Князь Андрей, словно на интеллектуальном турнире, логически безупречно доказывает бессмысленность позиции «творить добро». Реакция чуткого к интеллектуальной фальши Пьера не оставляет сомнения в том, что князь в очередной раз перемудрил: «Ах, это ужасно, ужасно! (…) Я не понимаю только, как можно жить с такими мыслями». Вот черта, за которую никогда всерьез не перешагивал Пьер: мысли должны быть такими, чтобы с ними можно было жить (а еще лучше, как выяснится впоследствии, вообще жить без мыслей). Дело даже не в том, прав или неправ князь Андрей; дело в том, что его логика несовместима с жизнью, вот что пугает жизнелюбивого Пьера. Болконский не побоялся истину развести с жизнью – и тем самым обрек себя на несчастливую жизнь. «Вы не должны так думать», – заключает Пьер.
Признаем, что в новом взгляде на вещи у князя Андрея присутствуют элементы трагизма. В этом состоянии он отчасти напоминает нам незрелого Онегина, вплоть до буквальных совпадений: «А мне кажется, что единственно возможное счастье – есть счастье животное, а ты его-то (мужика – А.А.) хочешь лишить его. Я завидую ему, а ты хочешь его сделать мною, но не дав ему ни моего ума, ни моих чувств, ни моих средств». Вот он, момент горя от ума.
Однако если повествователь «Евгения Онегина» увидел в интеллектуальном мужании предпосылку прогресса духовного, то повествователь «Войны и мира» трактует «бессмысленную», далекую от жизни диалектику, игру ума как симптом реального «недуга», от которого надо как можно быстрее избавиться.

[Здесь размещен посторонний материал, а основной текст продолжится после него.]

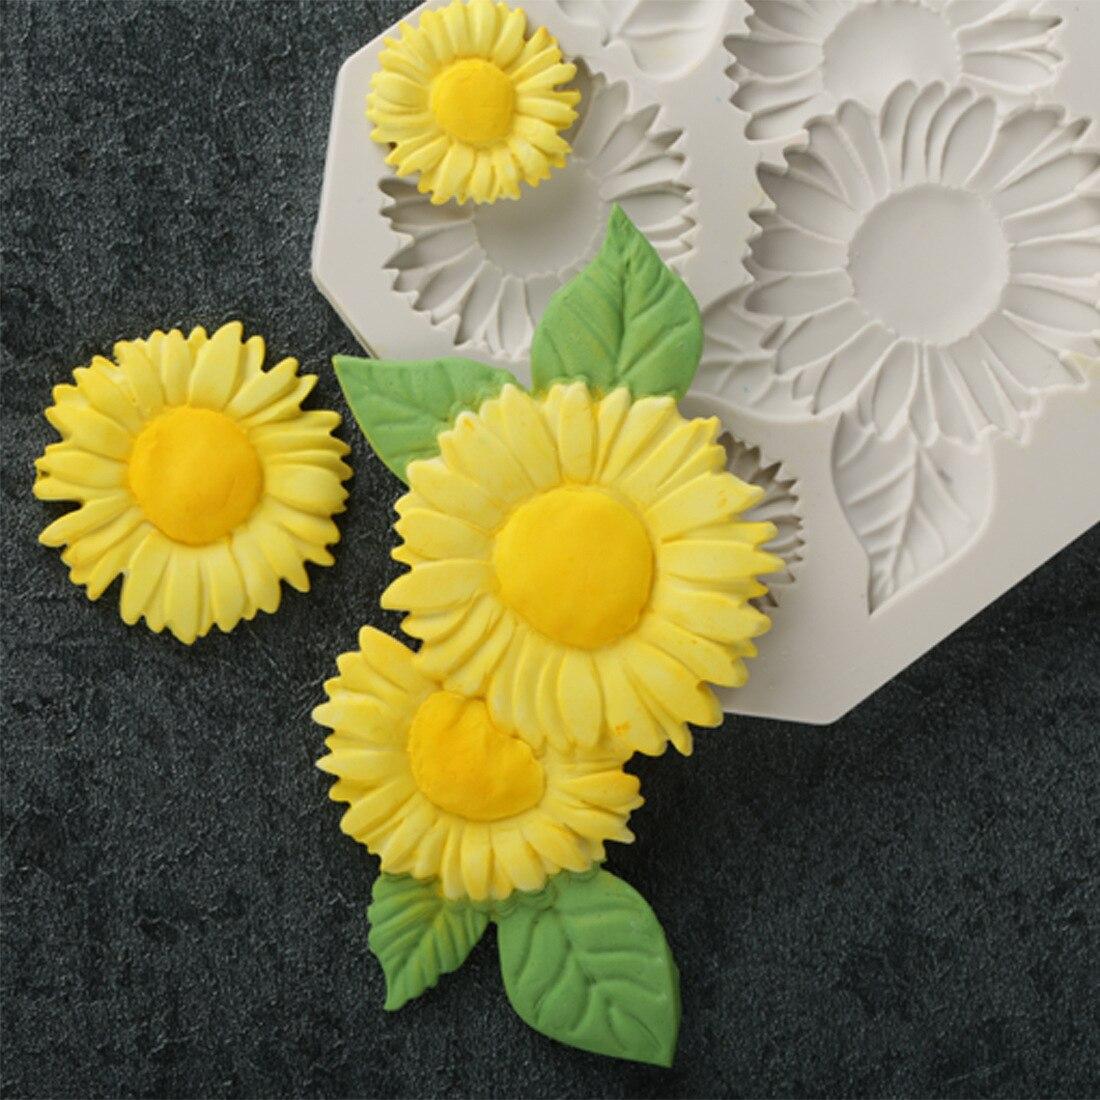 Sunflower Flower Silicone Mold Fondant Mat Cake Decorating Cupcake Candy Baking
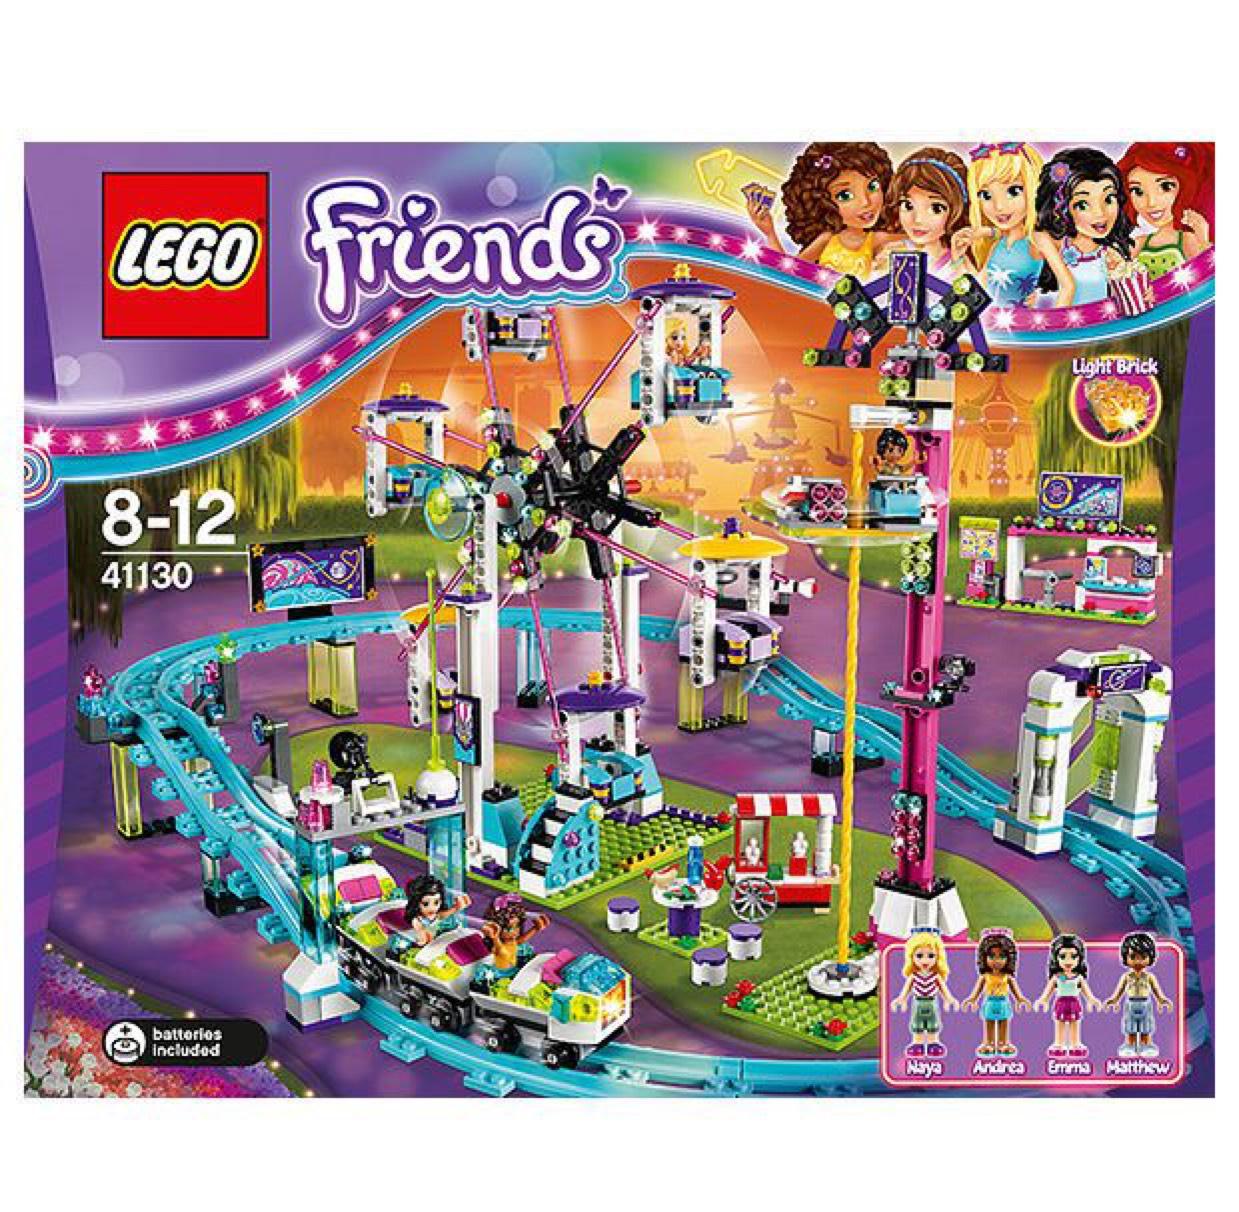 LEGO Friends Amusement Park Roller Coaster 41130 - £58.99 @ Amazon

Без всяких шуток Толстой встает на сторону осуждающего Онегина света (мира), на сторону человека комического, не признавая величия ума и, следовательно, высшей одухотворенности трагизма. Толстой, напротив, всячески снижает «мнимый», «искусственный» трагизм, который является следствием гордости ума, не более того. Оборотную сторону жизни – «счастье животное», комическое – автор легко делает своим союзником, прививая любви к жизни добро простым, как мир, иррациональным путем.
Онегин, как мы помним, был сотворен природой, которая «к противуречиям склонна». Болконский же сотворен тем, кто склонен выкорчевывать «противуречия», склонен к простым императивам, предполагающим ответное кроткое послушание.
Независимый Онегин завис между «небом» и «землей» не по чьей-то воле; он своею волей открыл законы мышления и жизни, что придавало обнаруженному им «противуречию» экзистенциальный характер; это была его проблема, и ничья более. Противоречие Болконского автор трактует как форму глупости, а неумение прислушиваться к простым императивам рассматривается если не как бунт, то, во всяком случае, не менее чем свидетельство склонности к суициду.
Онегин благодаря своему уму выделился из природы, вознесся над представлением о «животном» счастье. Пушкин ценил в нем именно выделенность из общего роя, из мира, поскольку интеллект – это персональный инструмент, и нация, да и вообще любой коллектив, им обладать не может. Нация поощряет не ум, а умение подчиняться сущему над личностью общему мировому закону.
Вот почему, отметив умом Болконского, Бог и вместе с ним повествователь (точнее – наоборот) шельму метит. Князь Андрей выдвинулся из общего ряда, из общества, стал белой вороной, он дерзнул мыслить, мечтал стать уникальным человеком (отчего и подался в Наполеоны, посягнул на право решать судьбы народов!) – и это ставится ему не в заслугу, а вменяется в вину. Если в пушкинской картине мира личность выступает центром мироздания, то в толстовской – о центре мироздания громко и всуе говорить не принято; что касается толстовской личности, то она хороша тем, что растворяется в других, в миру – тем, что ее нет.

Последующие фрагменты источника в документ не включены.